The reasons for loneliness can vary, but many cases follow the loss of a spouse through death or divorce. And, increasingly in today’s culture, many are choosing never to marry or never find a life partner.
People can be lonely even if they are among others. Studies suggest that the lonely feel the way they do because they are shunned by others. We must never make people feel rejected or ignored. Every human being is made in the image of God and deserves dignity, respect — and yes — even fellowship.
So ask God to make us more sensitive to those who are lonely among us. The Christian faith does not merely give material goods for the relief of the distressed, it also oversees their care (see Acts 6:1-7 and 1 Timothy 5:3-16). The psalmist says, “The Lord watches over the strangers; He relieves the fatherless and widow” (Psalm 146:9).

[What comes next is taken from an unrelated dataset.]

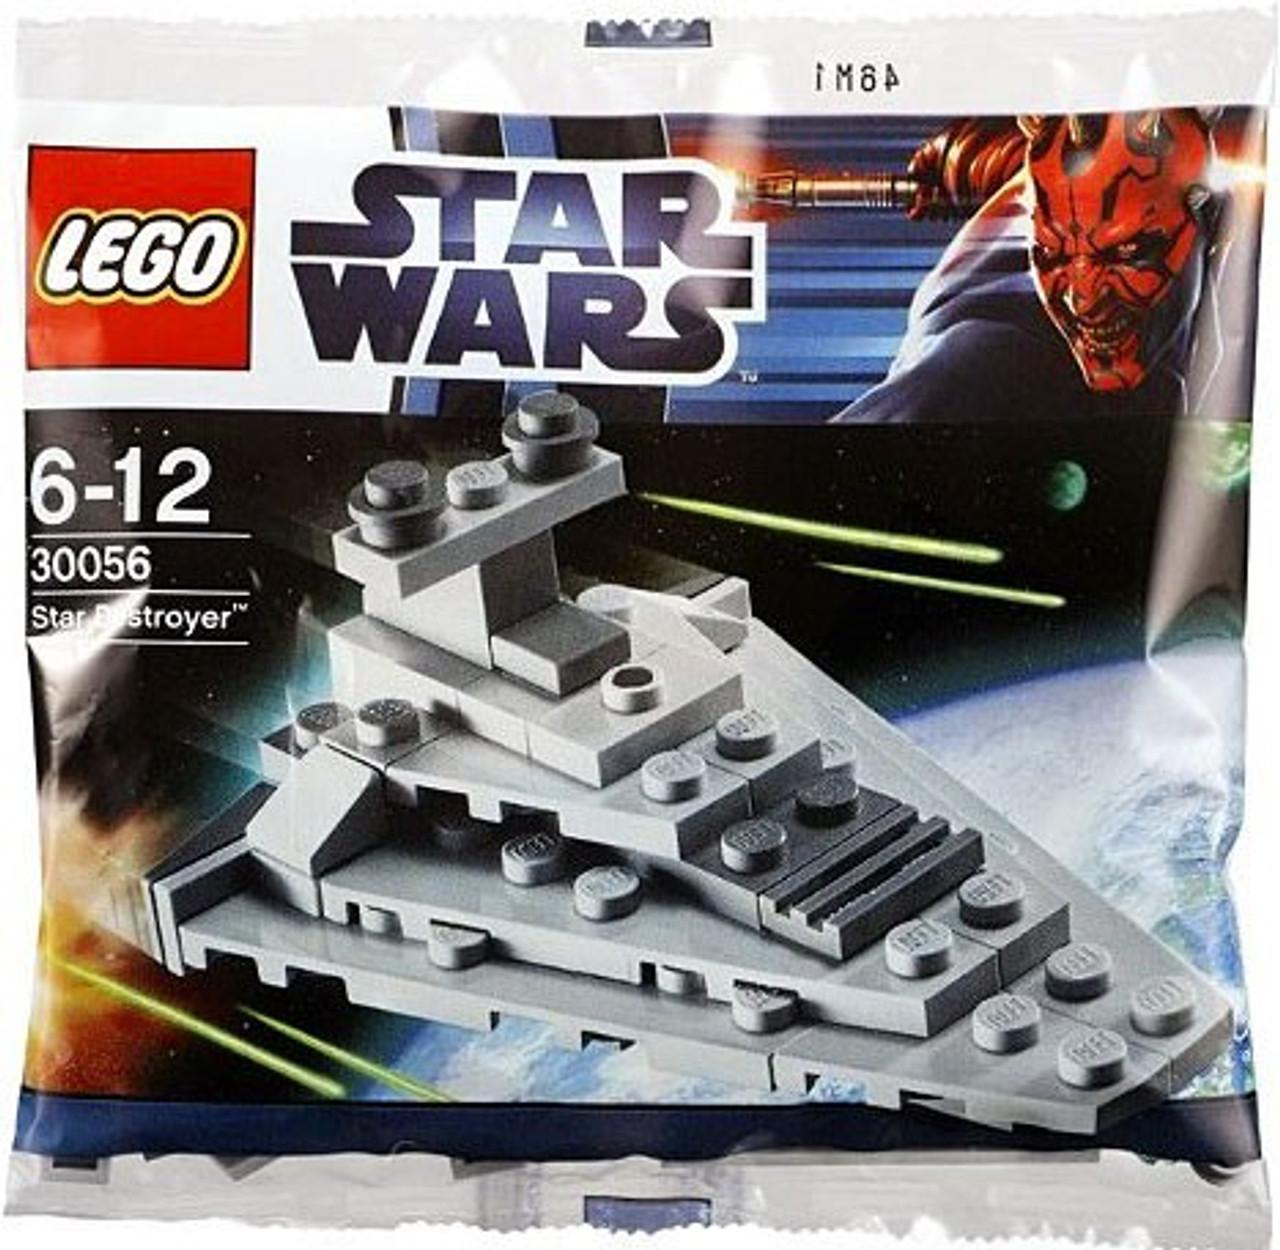 LEGO Star Wars A New Hope Star Destroyer Mini Set #30056 [Bagged]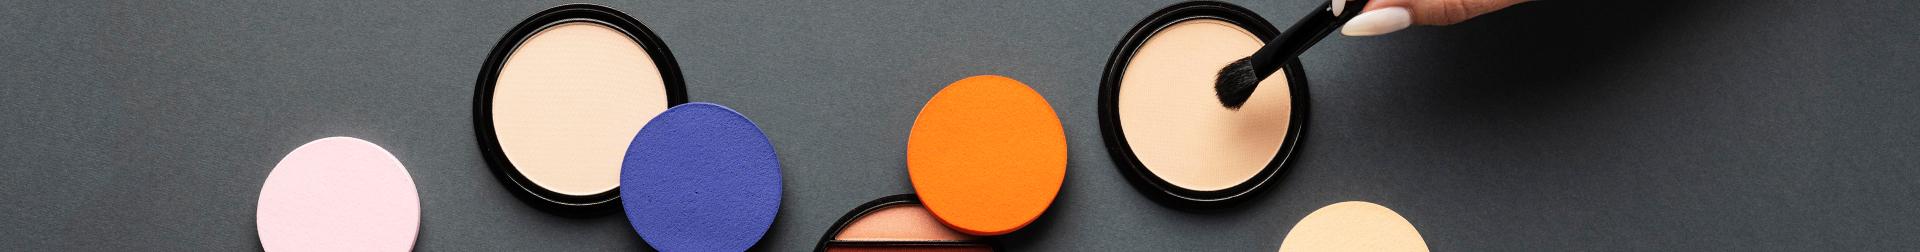 Makeup Products | Buy Loose Powder Online | AromaCraze

No one understood — and felt — loneliness as much as Jesus. His loneliness was on full display when the disciples went to sleep rather than pray with Him in Gethsemane. And He experienced vast loneliness while agonizing on the cross as He cried out, “My God, my God, why have you forsaken Me?”
The same Jesus who died on the cross for our sins is with us — even in the deepest, darkest moments of our loneliness. Hebrews 13:5 says it all, “For He Himself has said, I will never leave you nor forsake you. So we may boldly say: The Lord is my helper; I will not fear.”